#### [Brief]
Please restate the data below word for word, omitting all images.

#### [Information supplied]
☆ ☆ ☆ ☆

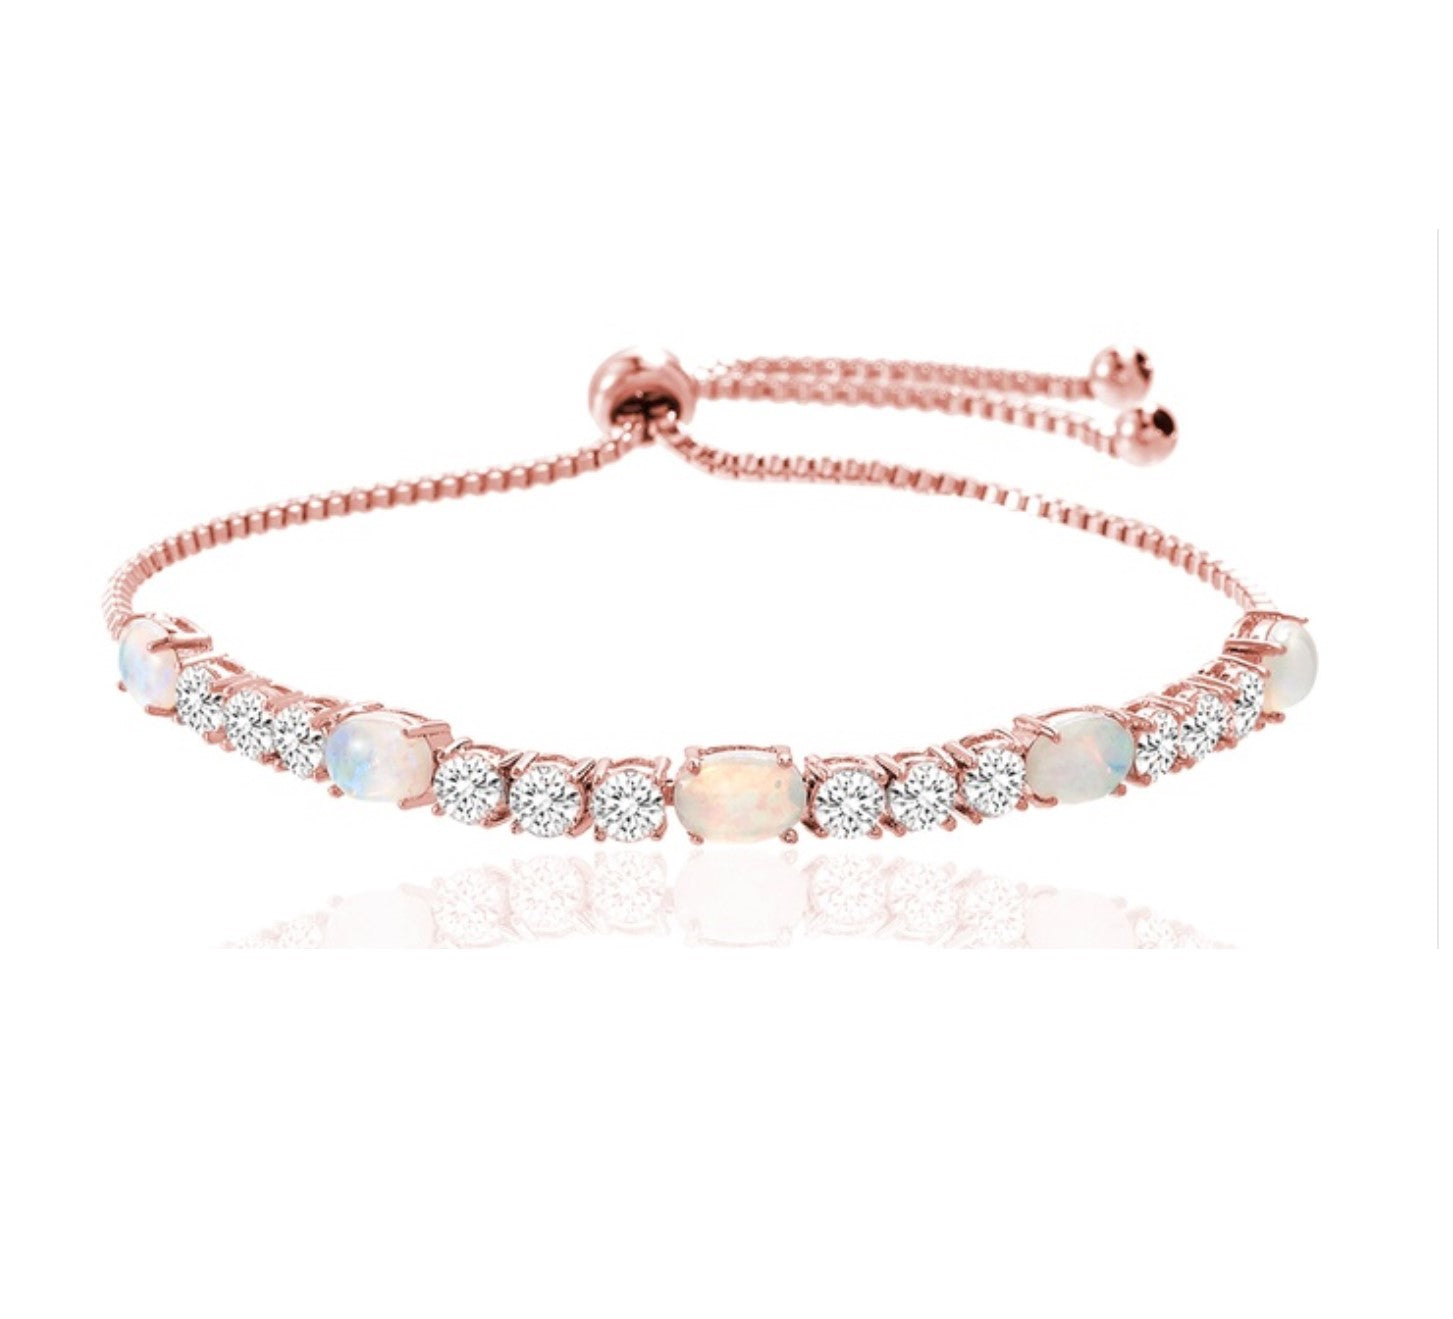 Fiery Opal Tennis Bracelet with Swarovski Element – MyKay Jewelry
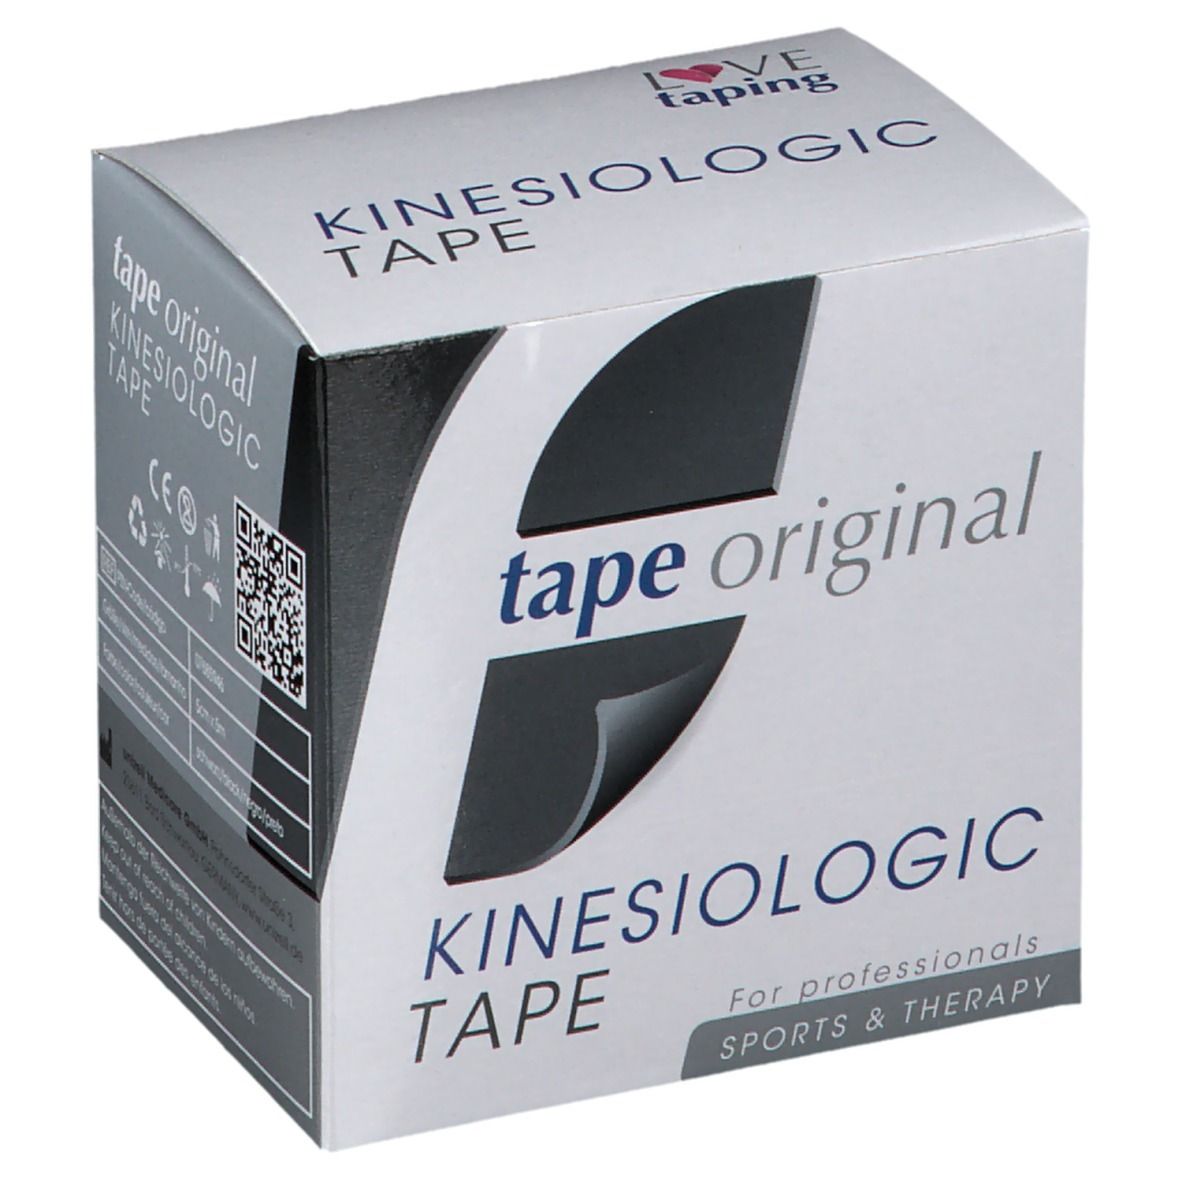 Kinesio tape original Kinesiologic Tape schwarz 5 cm x 5 m
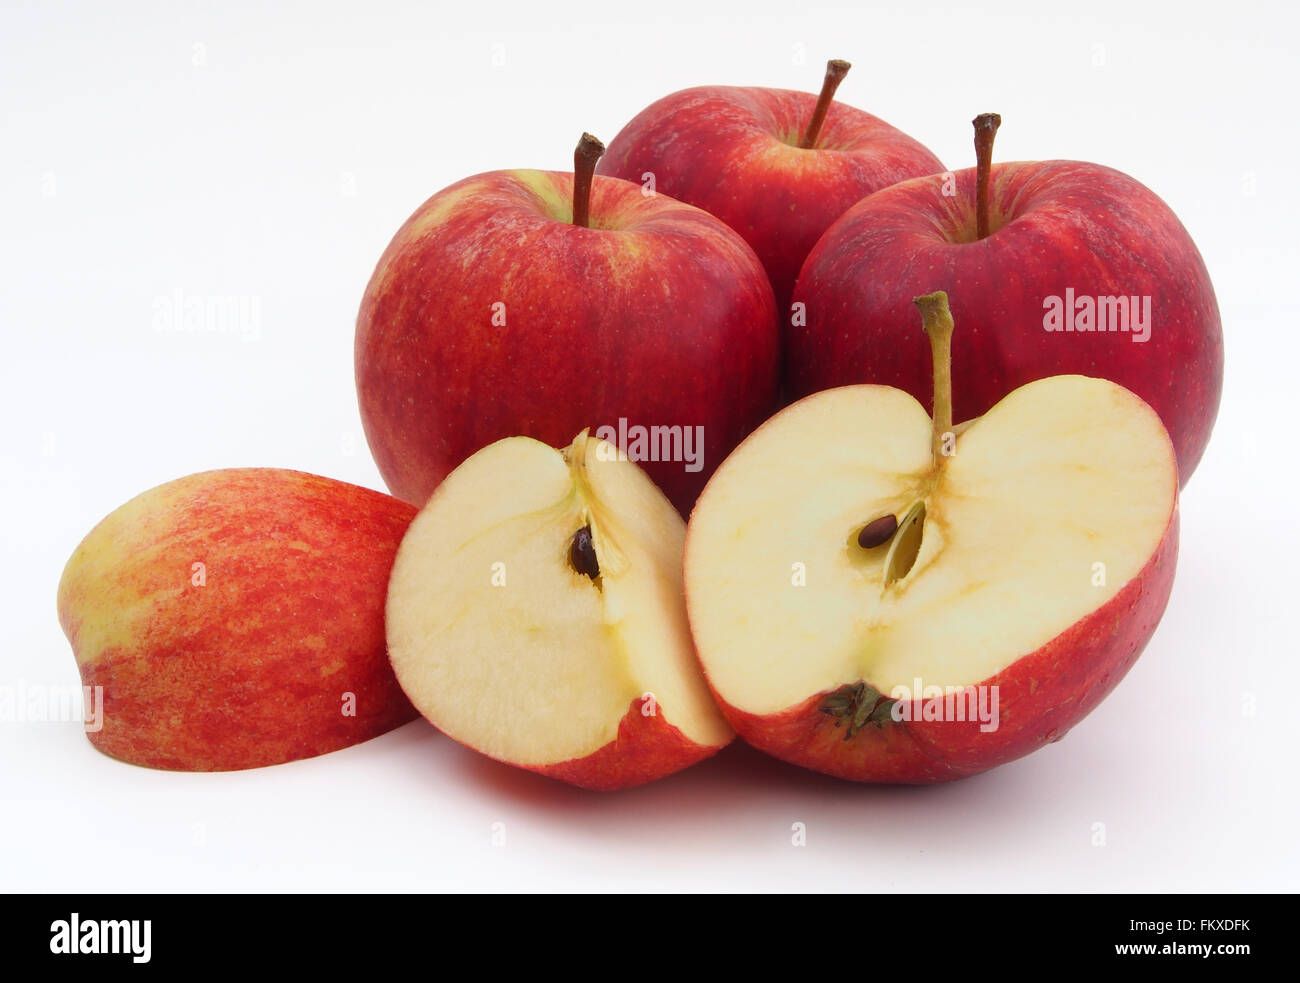 Vier rote Gala Äpfel mit einer in Scheiben geschnitten in die Hälfte und Viertel zeigt den Kern, isoliert auf einem weißen Hintergrund. Stockfoto

☆ ☆ ☆ ☆

#### [Reply to the task]
 Fiery Opal Tennis Bracelet with Swarovski Element – MyKay Jewelry
 Kinesio tape original Kinesiologic Tape schwarz 5 cm x 5 m
 Vier rote Gala Äpfel mit einer in Scheiben geschnitten in die Hälfte und Viertel zeigt den Kern, isoliert auf einem weißen Hintergrund. Stockfoto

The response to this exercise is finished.